Sebbene TC e GC siano stati isolati utilizzando tecniche di separazione meccanica consolidate basate sulla compartimentazione follicolare, l'espressione di geni specifici per tipo di cellula CYP17A1 e CYP19A1 è stata valutata per eliminare il rischio di contaminazione incrociata. CYP17A1 era espresso esclusivamente nei TC appena isolati, mentre CYP19A1 era espresso prevalentemente nei GC appena isolati (Figura 2).

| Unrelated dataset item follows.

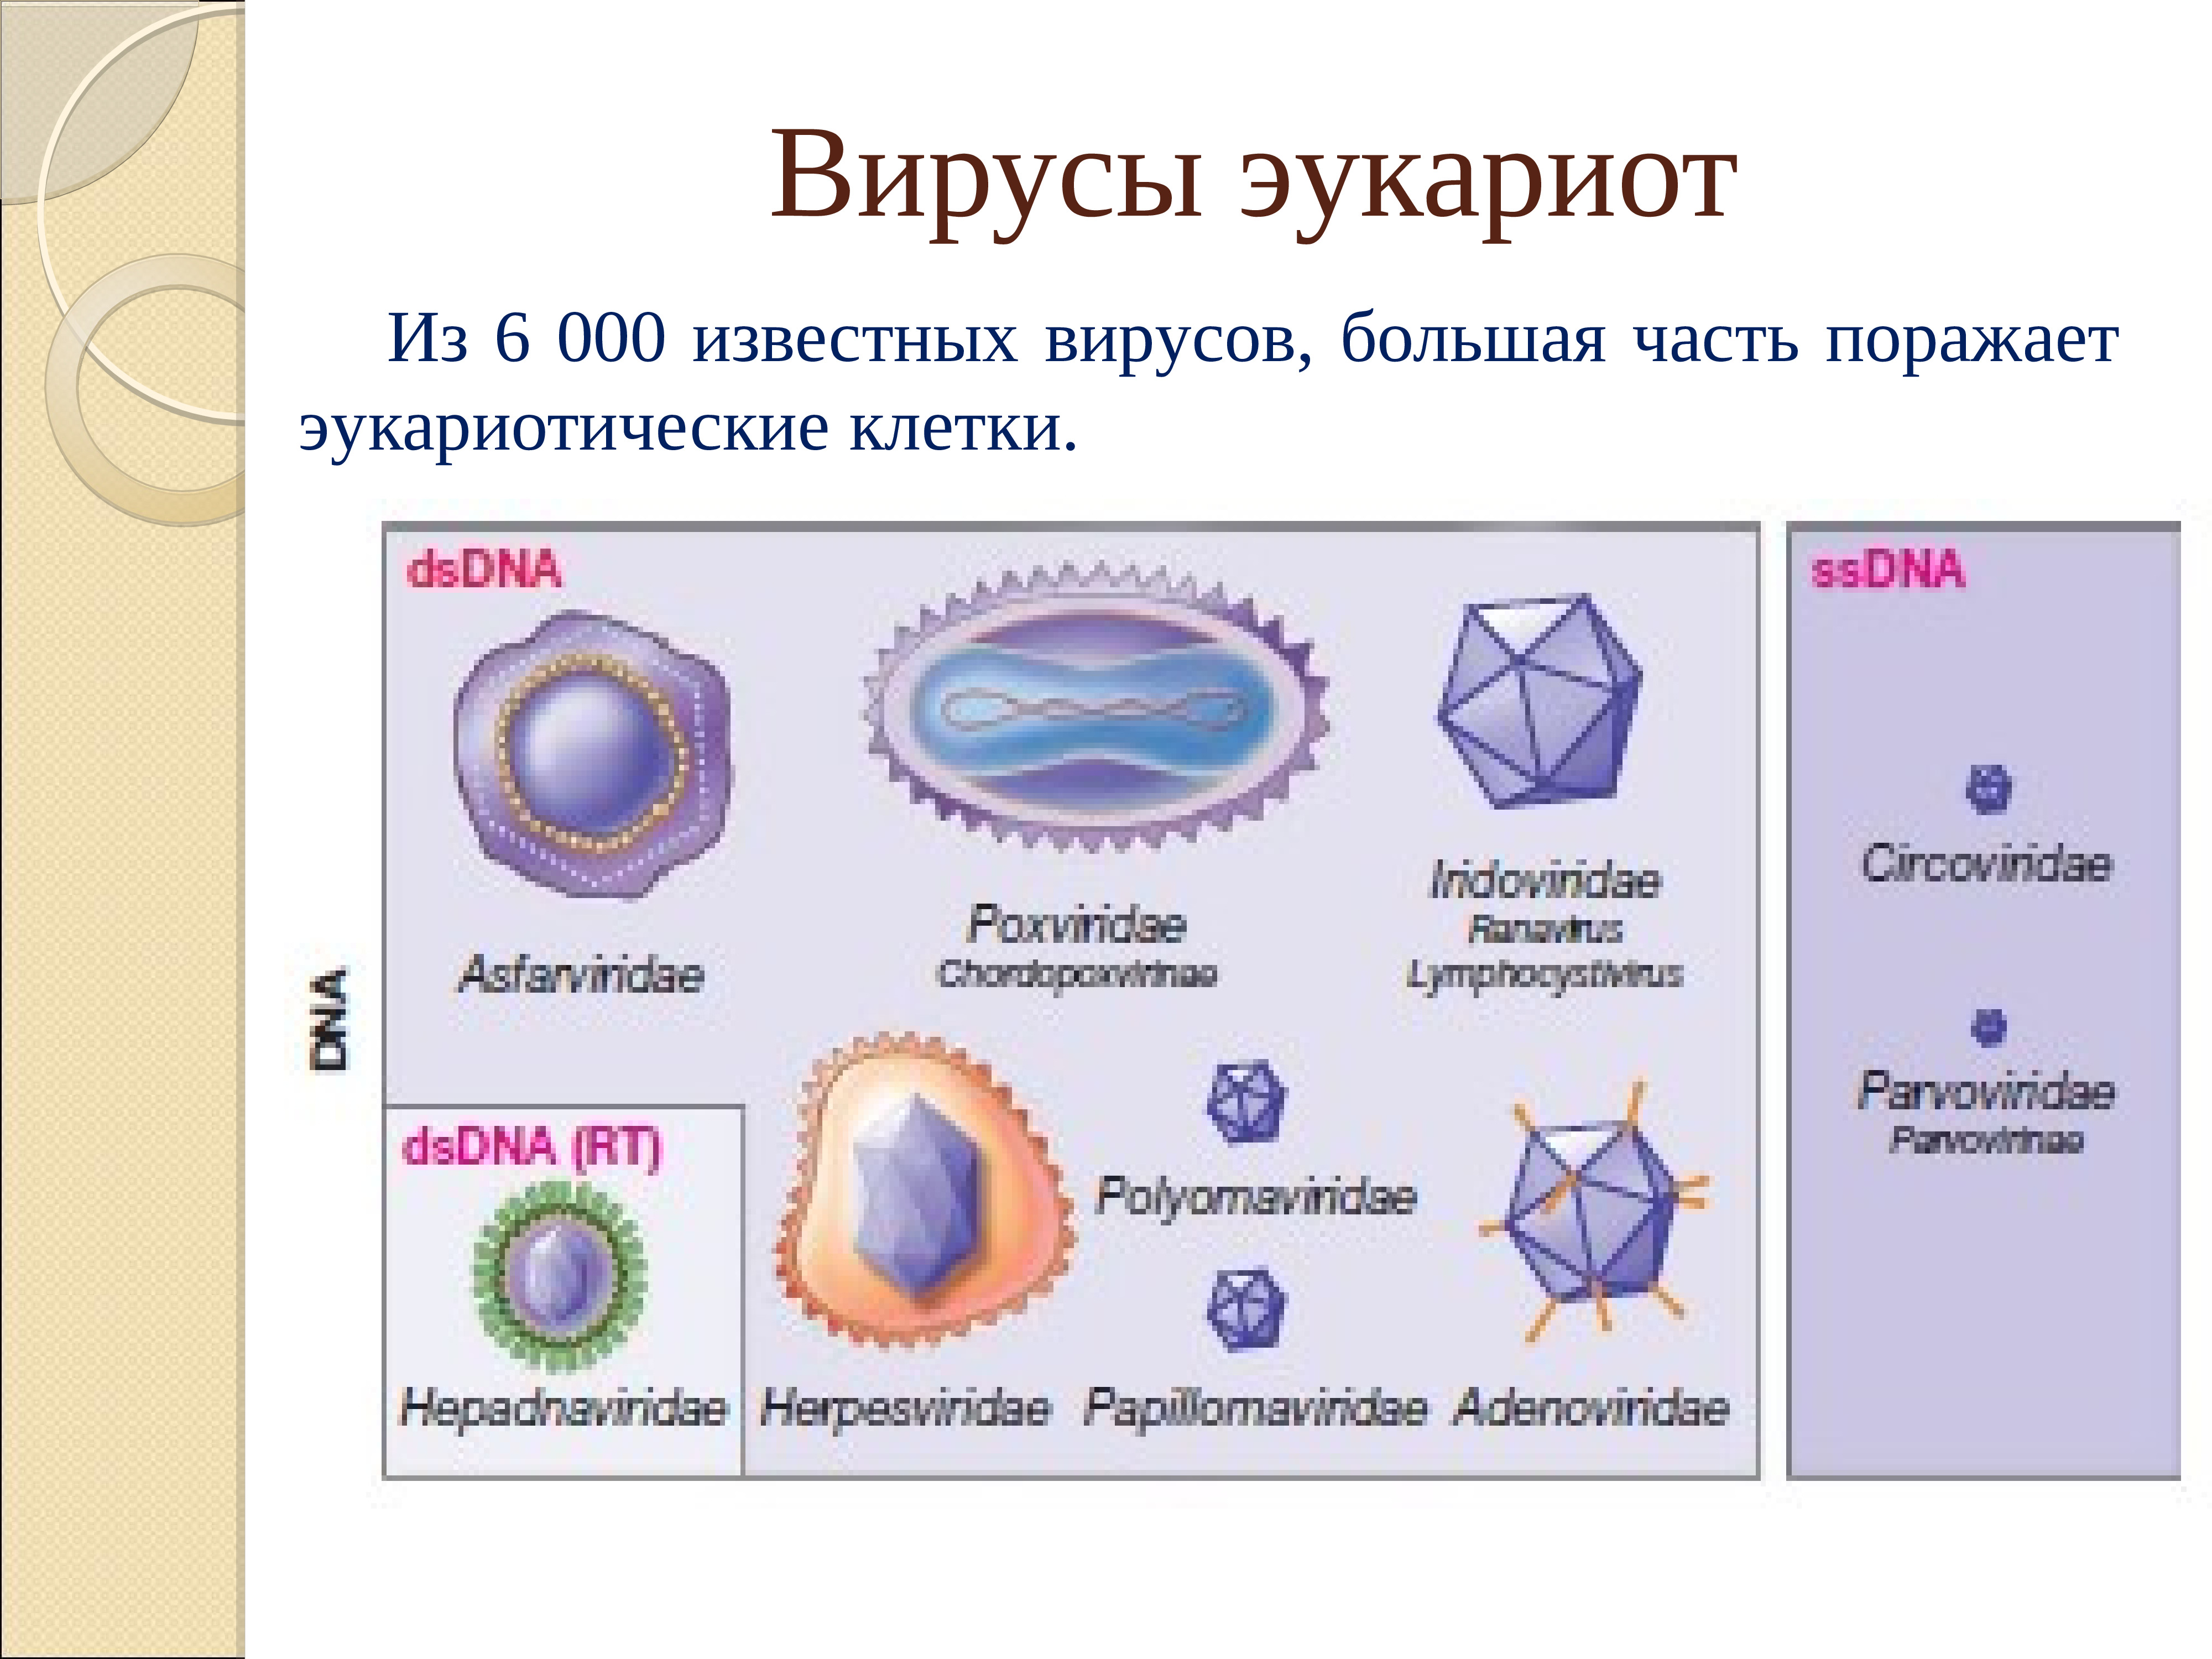 Вирус является формой жизни. Вирусы эукариоты. Прокариоты эукариоты вирусы. К эукариотам относятся вирусы. Вирусы эукариот или прокариот.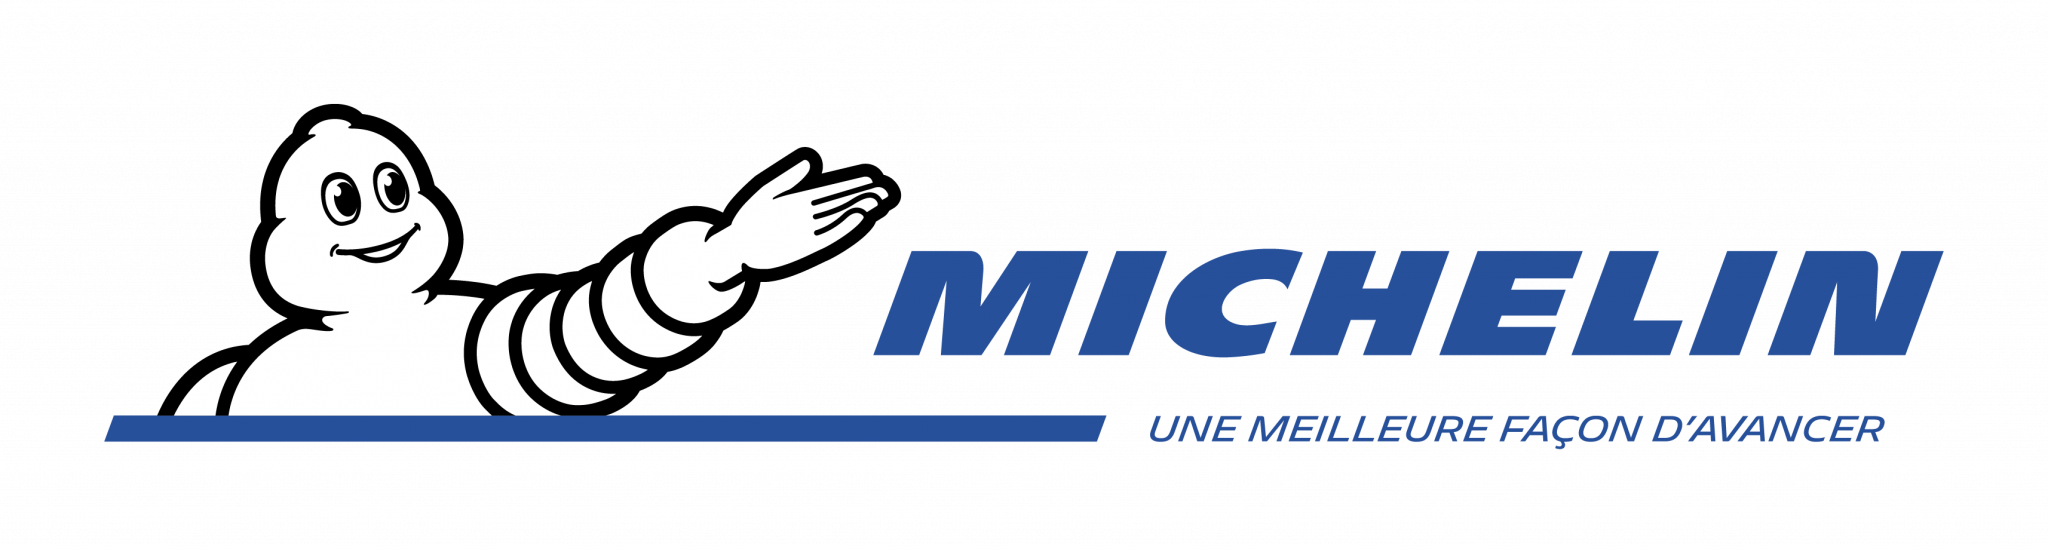 Michelin_G_H_Fr_WhiteBG_RGB_0618

Il sistema di co-coltura consente la compartimentazione di cellule di teca bovina e granulosa sui lati opposti di un inserto di membrana, imitando così l'organizzazione spaziale in vivo. Dopo tre giorni di coltura, i TC hanno mostrato una morfologia appiattita e allungata mentre si diffondevano sulla superficie della membrana dell'inserto rivestita di collagene, indicando un attacco riuscito (Figura 3A). Quando sono stati coltivati da soli per l'intero periodo di 9 giorni, i TC hanno continuato a proliferare e hanno raggiunto la confluenza entro il giorno 9 (Figura 3B). Al contrario, i GC coltivati da soli per 6 giorni sulla membrana dell'inserto rivestita di collagene hanno sviluppato un fenotipo simile ai fibroblasti, che è caratteristico dei GC in vitro (Figura 3C). Inoltre, come descritto in precedenza, i GC tendevano a formare cluster, una caratteristica tipica di queste cellule in coltura 5,7,31,32. Nel sistema di co-coltura, non sono state osservate differenze morfologiche apparenti né nei TC né nei GC rispetto alle rispettive monocolture abbinate nel tempo (Figura 3D), indicando che l'ambiente basato sull'inserto mantiene un normale comportamento cellulare. Tuttavia, a causa di limitazioni tecniche, la valutazione microscopica della co-coltura rimane impegnativa, in particolare per distinguere e valutare la morfologia delle TC indipendentemente dalle altre cellule. Per superare queste limitazioni, è attualmente in fase di studio un protocollo ottimizzato per la fissazione cellulare in conformità con l'esplorazione di strategie alternative per l'identificazione cellulare in assenza di anticorpi specifici per l'immunocolorazione.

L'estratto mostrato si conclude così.